Wednesday, January 23, 2008

‘Recession,’ Stocks & the Fed

People who believed in the Bush boom and got into the markets when the president cut tax rates in 2003 have done very well. If you read NRO and have bought into the ideas of Larry Kudlow, Art Laffer, Steve Forbes, Rich Karlgaard, Brian Wesbury, Don Luskin, and yours truly, you made money. If you bought into the leftie doom-and-gloom scenario of Paul Krugman et al, you missed one of the great wealth-creation events in modern history. Bush proved, once again, that Reaganomics isn’t just theory — it really works. It works when Republicans like Calvin Coolidge use it. It works when Democrats like JFK and Bill Clinton use it. It even works when Russia and China use it.

But it doesn’t work when it’s not used, and that’s what’s happening to investors right now.

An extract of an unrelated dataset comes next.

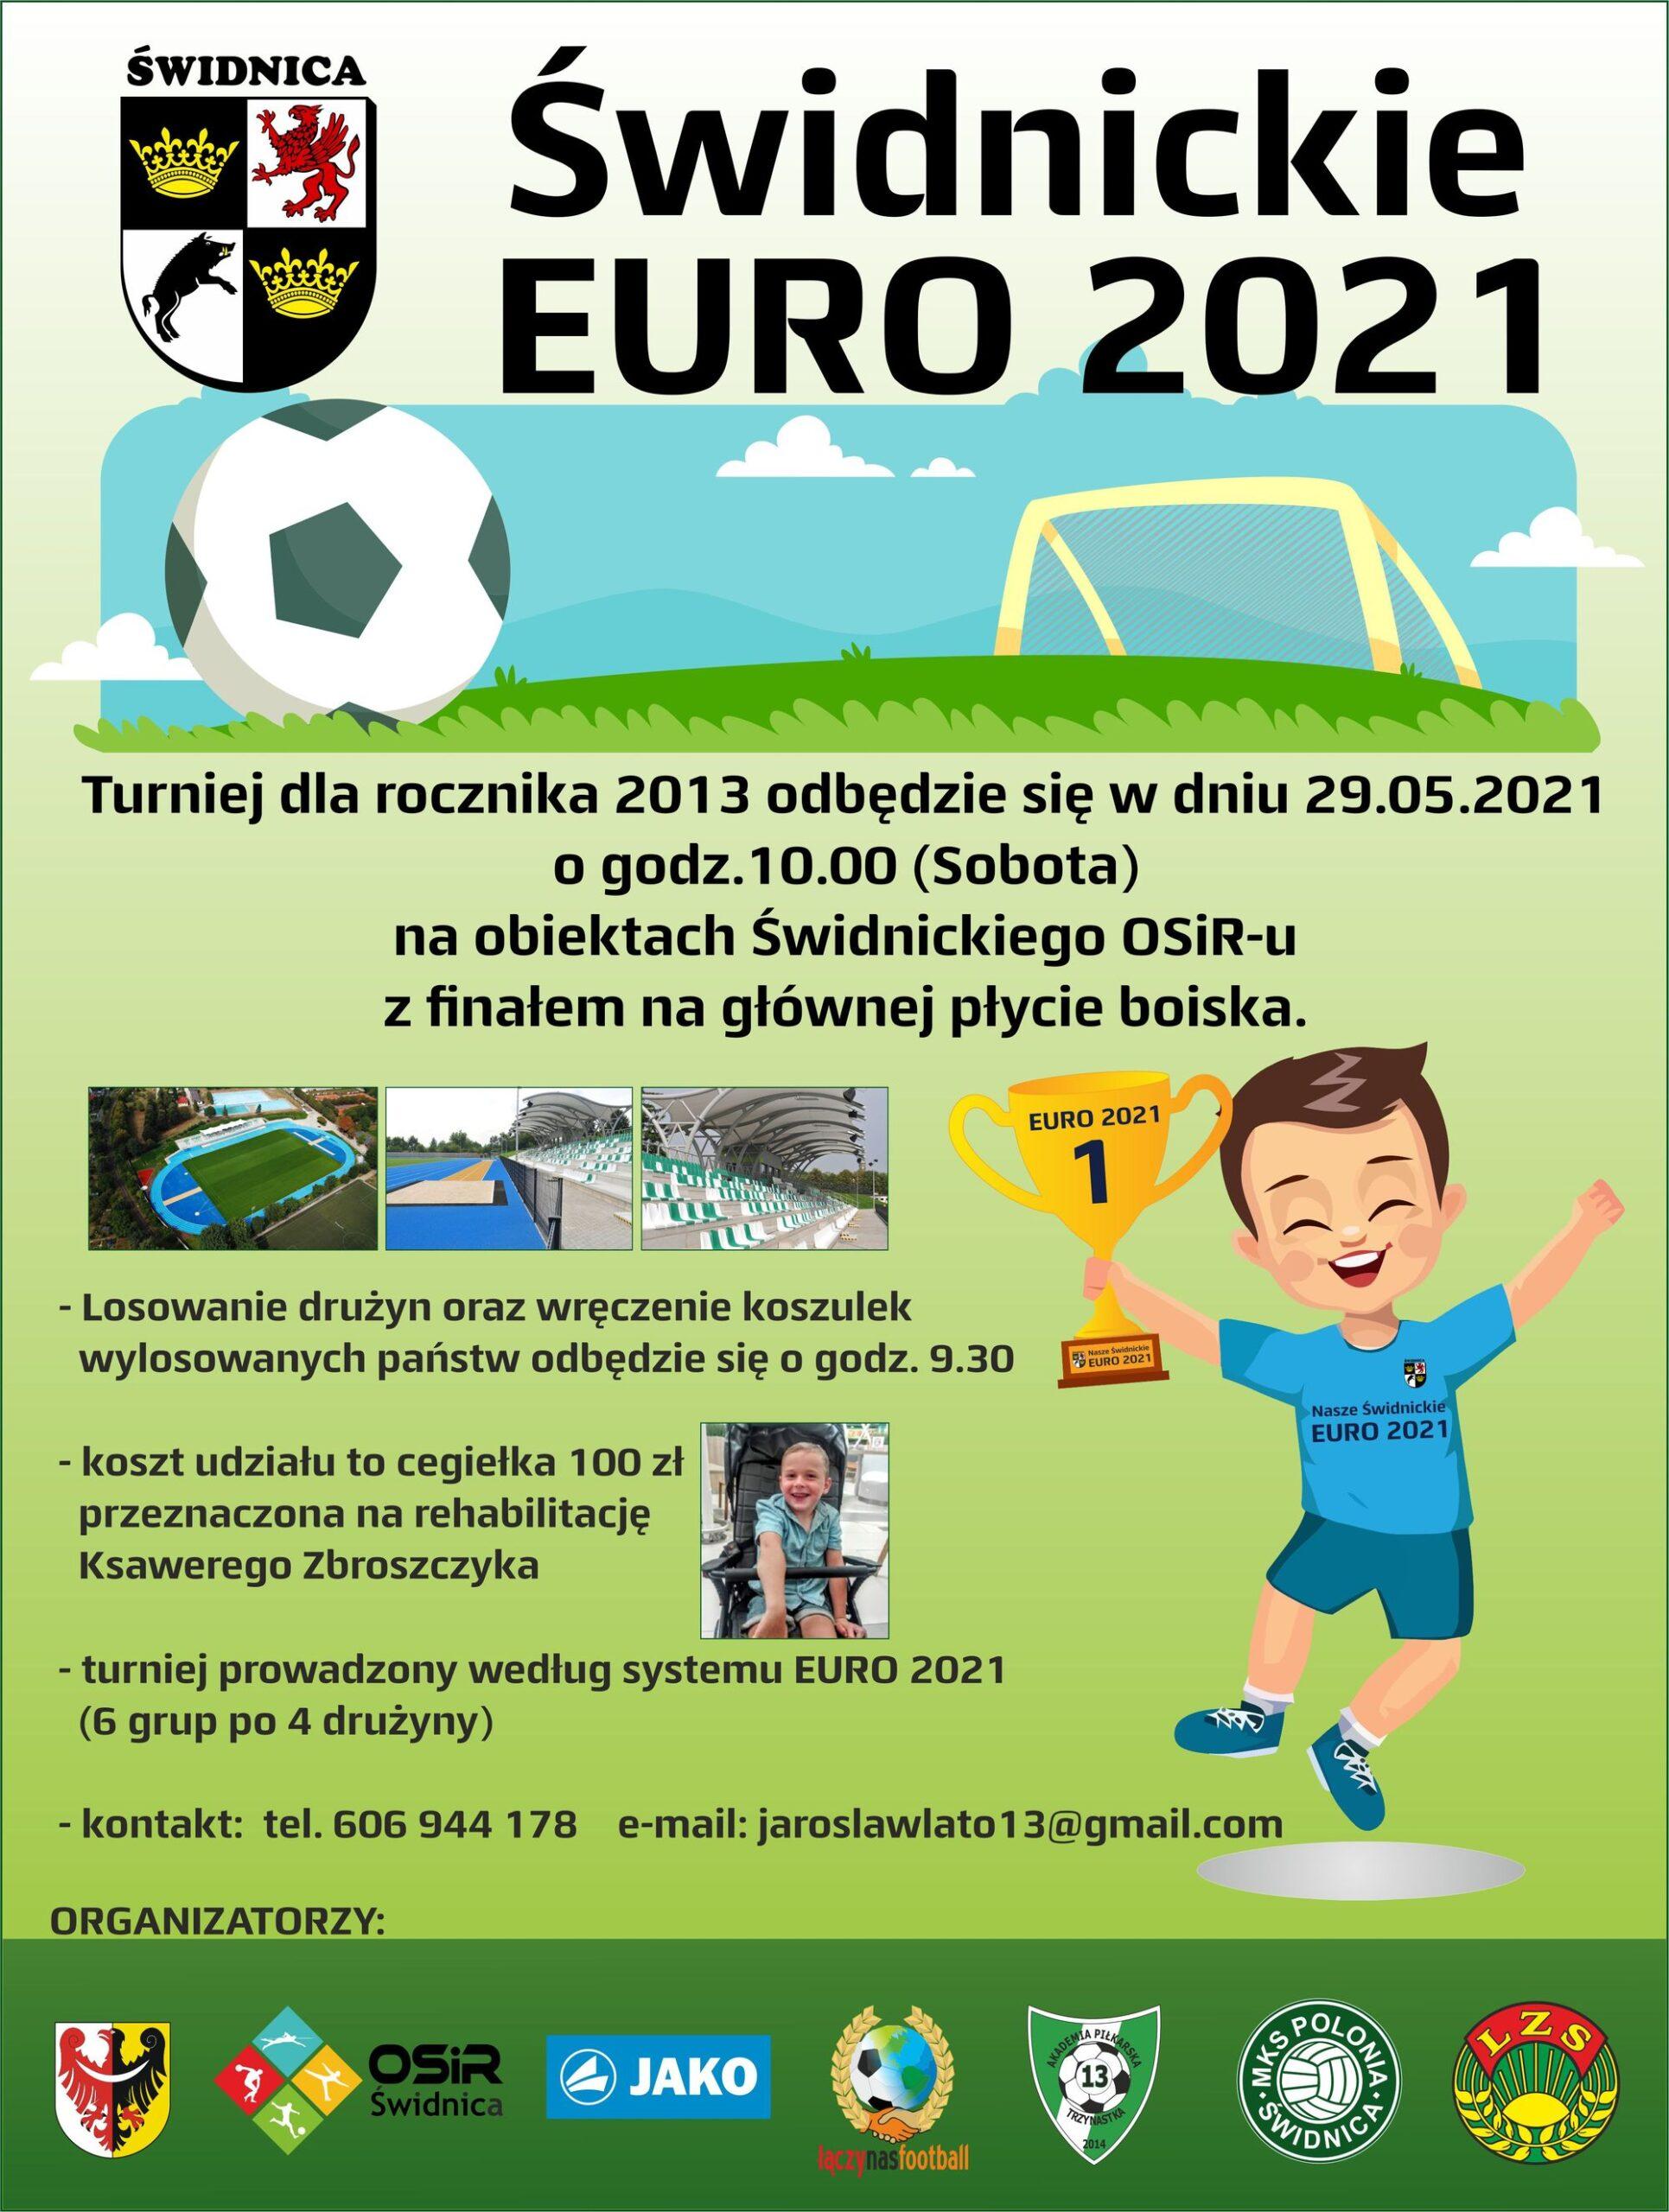 plakat turniej świdnickie euro 2021

There’s been a great deal of discussion about whether or not the Bush tax cuts are going to expire at the end of 2010. But almost nobody has mentioned the fact that some of them have already begun to expire. The tax cut of 2003 extended a provision which changed the law (for fellow code-heads like myself, I’m talking about section 179) so that businesses could deduct durable-equipment expenses more quickly than had been allowed previously. Instead of forcing businesses to spread the tax deductions out over five or seven years, they were given greater leeway to deduct the purchases at the time they were made. That provision expired three weeks ago. No wonder investors are apprehensive about a slowing economy.

It’s not just the business-equipment deduction; it’s also the whole cluster of issues that buzz around the presidential election. Every caucus and primary election is a leading indicator of future tax and regulatory policy. Investors are just registering what they see. And they see that since Iowa, the pro-growth party has been in disarray while the anti-growth party has been the beneficiary.

If you don’t believe me, just look at the Intrade political-futures market for a Republican win overlaid with the Dow Jones Industrial Average. As the GOP prospects fall, so do the prospects of the investor class. Either a pro-growth candidate becomes a front-runner, or a front-runner becomes (persuasively) pro-growth. Otherwise investors will remain jittery. Do you blame them?